- Born: 2 November 1935 Carlisle, England
- Died: 3 May 2003 (aged 67) London, England
- Known for: Lent her name to Lucy Pevensie in Narnia series
- Relatives: C. S. Lewis (godfather)

= Lucy Barfield =

Godchild of C.S. Lewis (1935–2003)

Lucy Barfield (2 November 1935 – 3 May 2003) was the godchild of C. S. Lewis. The Lion, the Witch and the Wardrobe is dedicated to Lucy, who also lent her name to the book's heroine, Lucy Pevensie.

==Lewis's letter==
Lewis's letter and the dedication to The Lion, the Witch and the Wardrobe reads:

My Dear Lucy,

I wrote this story for you, but when I began it I had not realized that girls grow quicker than books. As a result, you are already too old for fairy tales, and by the time it is printed and bound you will be older still. But some day you will be old enough to start reading fairy tales again. You can then take it down from some upper shelf, dust it, and tell me what you think of it. I shall probably be too deaf to hear, and too old to understand a word you say but I shall still be,

your affectionate Godfather,

C. S. Lewis.

==Life==
In 1923 Owen Barfield, who had been friends with Lewis since 1919, married musician and choreographer Maud Douie (1888–1980). They had three children: Alexander, born in 1928, his adopted sister Lucy, born on 2 November 1935 and Geoffrey, born in 1940, who was a foster child. In May 1949, Lewis sent Lucy the completed manuscript of The Lion, the Witch and the Wardrobe with a letter in which he wrote that the book was originally written for her. On 16 October 1950, when the book was officially published in London, this letter was printed as its dedication. In September 1952, Lewis dedicated his The Voyage of the Dawn Treader to Lucy's brother Geoffrey.

Lucy was born in Carlisle, Cumberland and adopted by the Barfields at the age of two. She was a lively, friendly and happy child. From an early age she trained to be a ballet dancer. She showed musical taste and ability. In about 1958 she became a qualified dance and music teacher and in 1960 her sinfonietta in three movements was publicly performed at Malvern College. She taught piano and dance at a Kentish school for girls, then at a specially-built chalet in the garden of her family home, Westfield, in Hartley, Kent.

She was interested in her father's work and accompanied him in 1965–66 during his second visiting professorship in America at Brandeis University. Lucy Barfield, then 30 years old, was a piano teacher of twelve students at the local music school in Cambridge, Massachusetts. In June. at the end of the school year Lucy's mother, Maud, joined them and, as part of their holiday, the three went together to visit Owen Barfield's friend Professor Craig Miller in Vancouver. Upon their return to England, Lucy was diagnosed with multiple sclerosis.

She had already been feeling some MS symptoms since 1963, the year C. S. Lewis died. At first, she continued dancing and teaching. Later, she could not leave her home and finally not even her bed. In 1968 Lucy was hospitalised and in 1977 she was hospitalised for the second time. She was able to leave the hospital in June 1978, when she married Bevan Rake (1921–1990).
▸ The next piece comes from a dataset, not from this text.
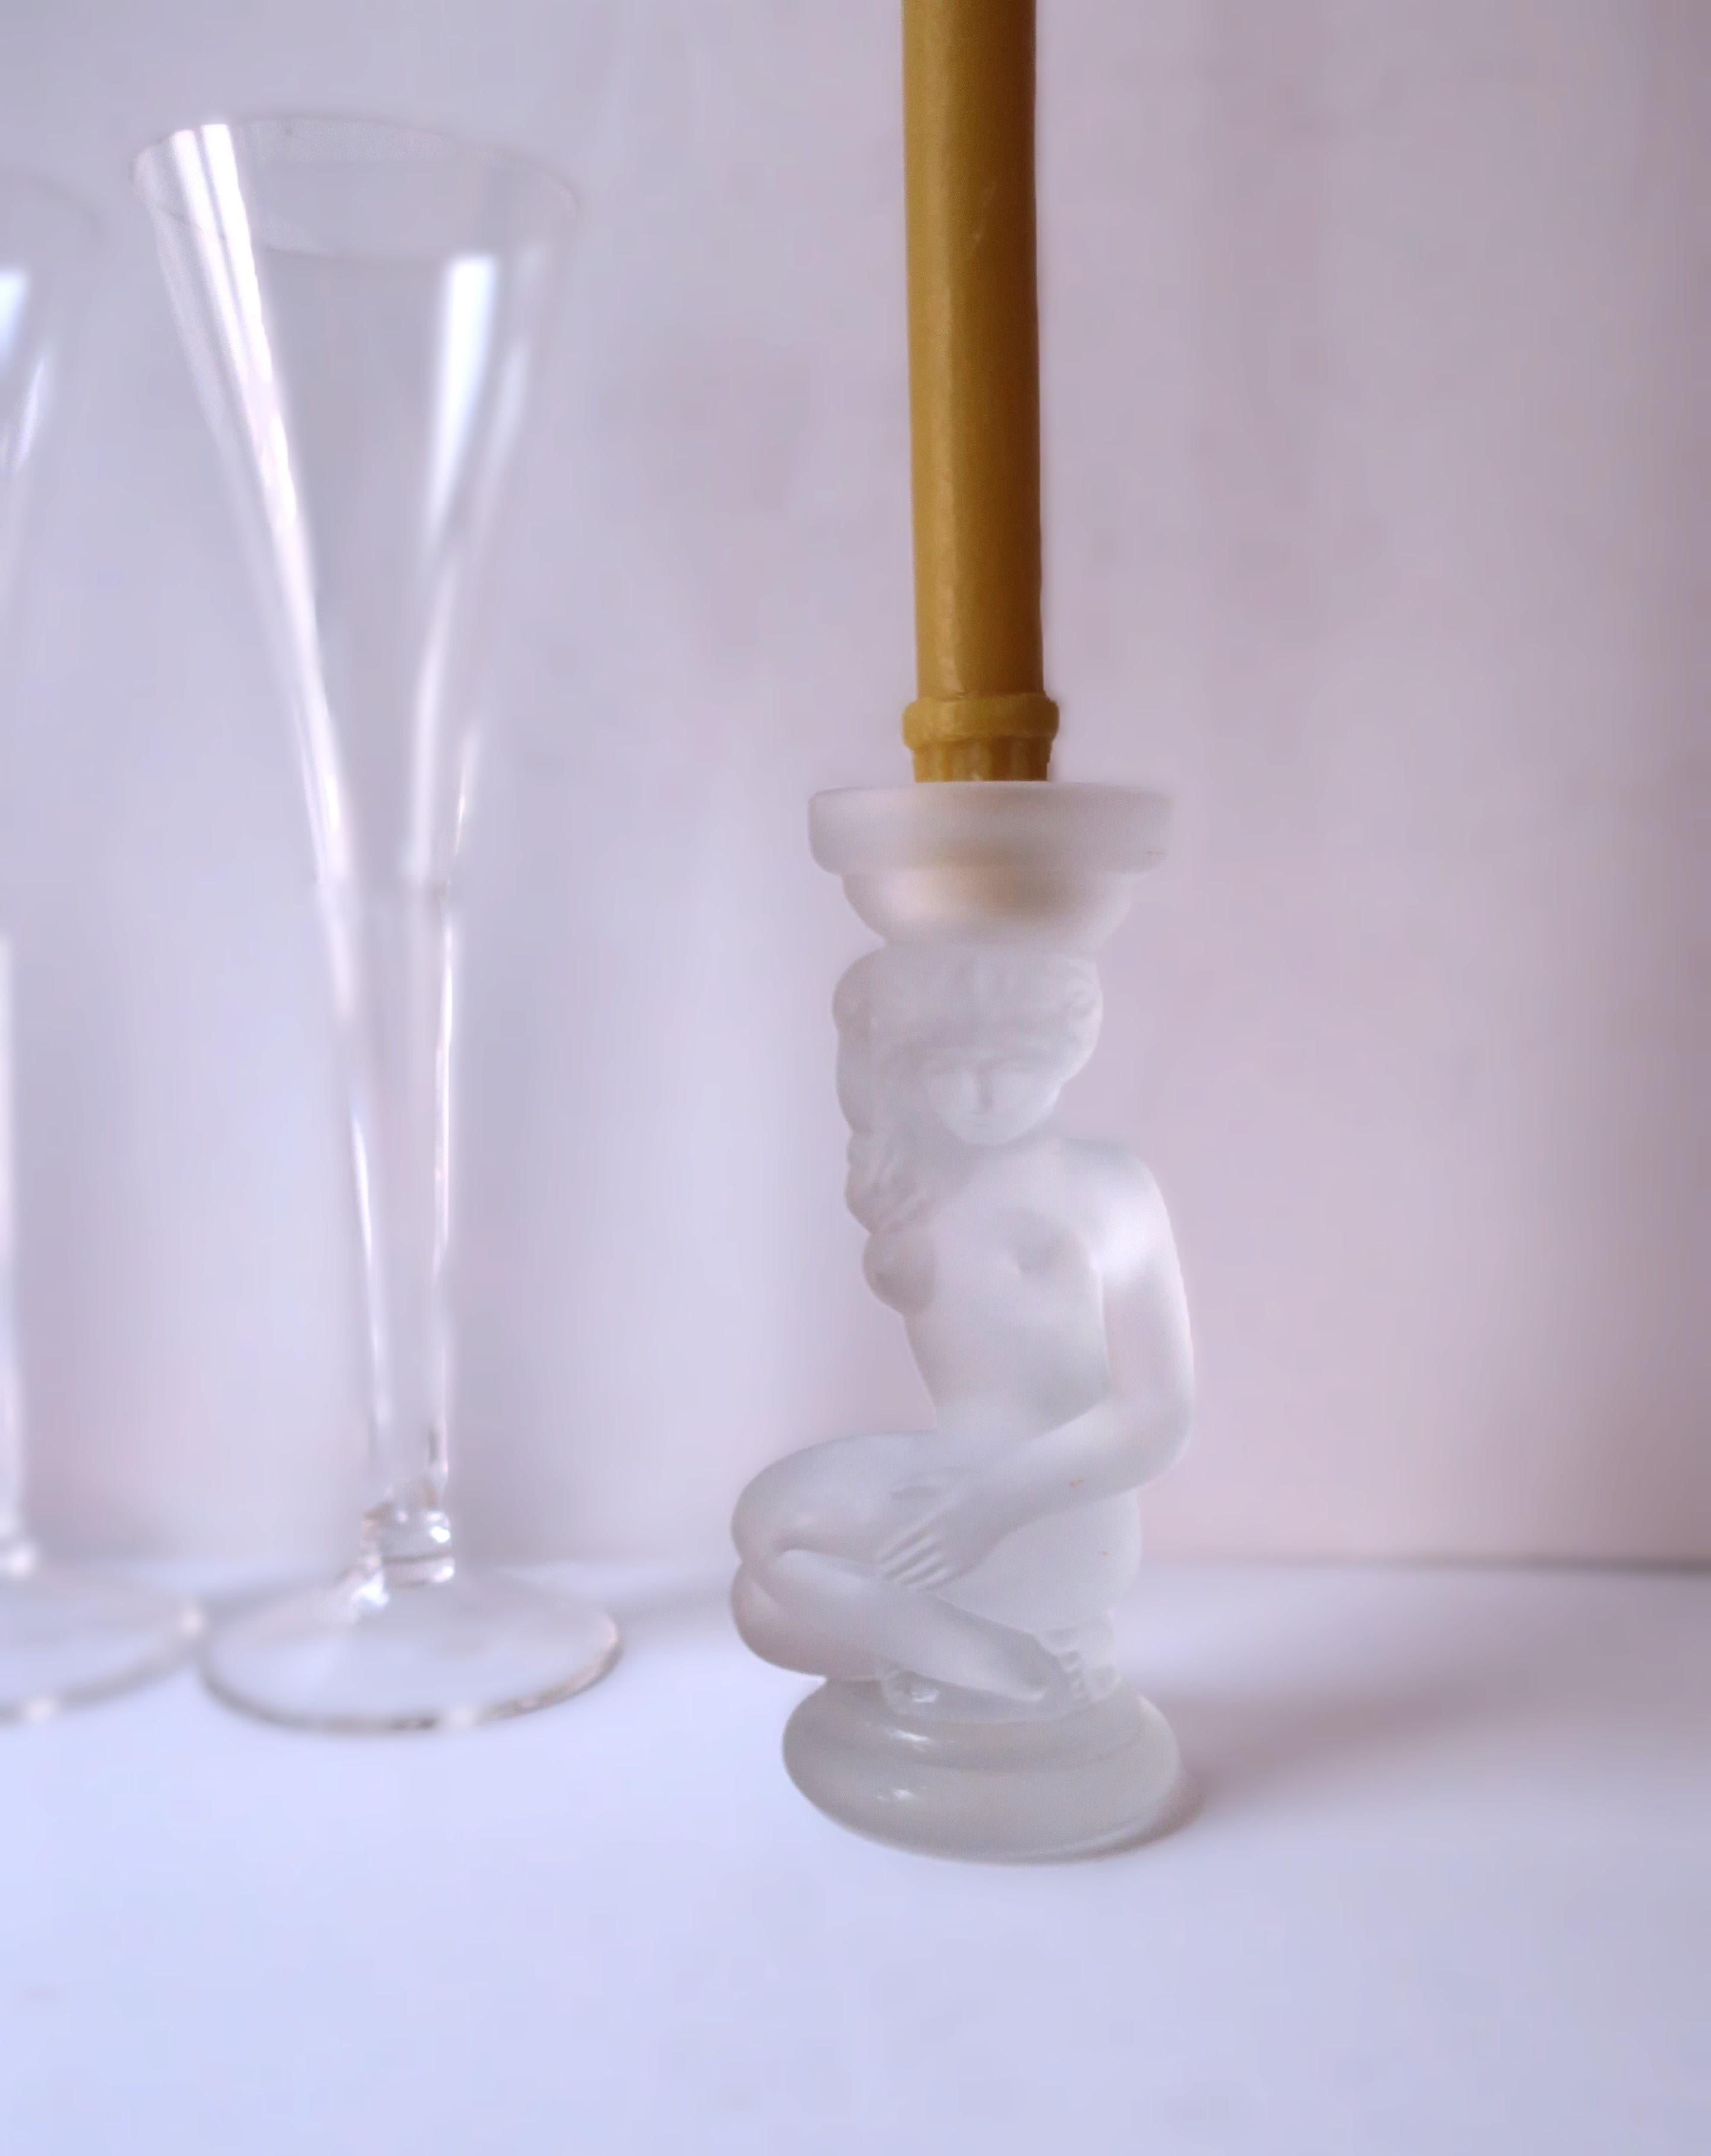 Female Figurative Sculpture Candlestick Holder styled after Lalique Art Nouveau In Excellent Condition For Sale In New York, NY

In 1990, after Bevan died, Lucy returned to the hospital permanently.

==Failing health==

For the last five years of her life she was unable to move, speak or feed herself. Walter Hooper writes in his obituary and also Paul Ford notes it in his Companion to Narnia: "As every creature comfort was taken from her, Lucy's faith in God grew and blessed not only her, but also those who knew her. Owen Barfield, touched by her humility, said many times, 'I could go down on my knees before my daughter."

==Death==

Her mother died in 1980, and her father in 1997. Her brother Alexander visited her often. She liked to listen to Geoffrey reading her The Chronicles of Narnia. Lucy Barfield died at the Royal Hospital for Neuro-disability in south west London on 3 May 2003, having lived with multiple sclerosis for almost 40 years.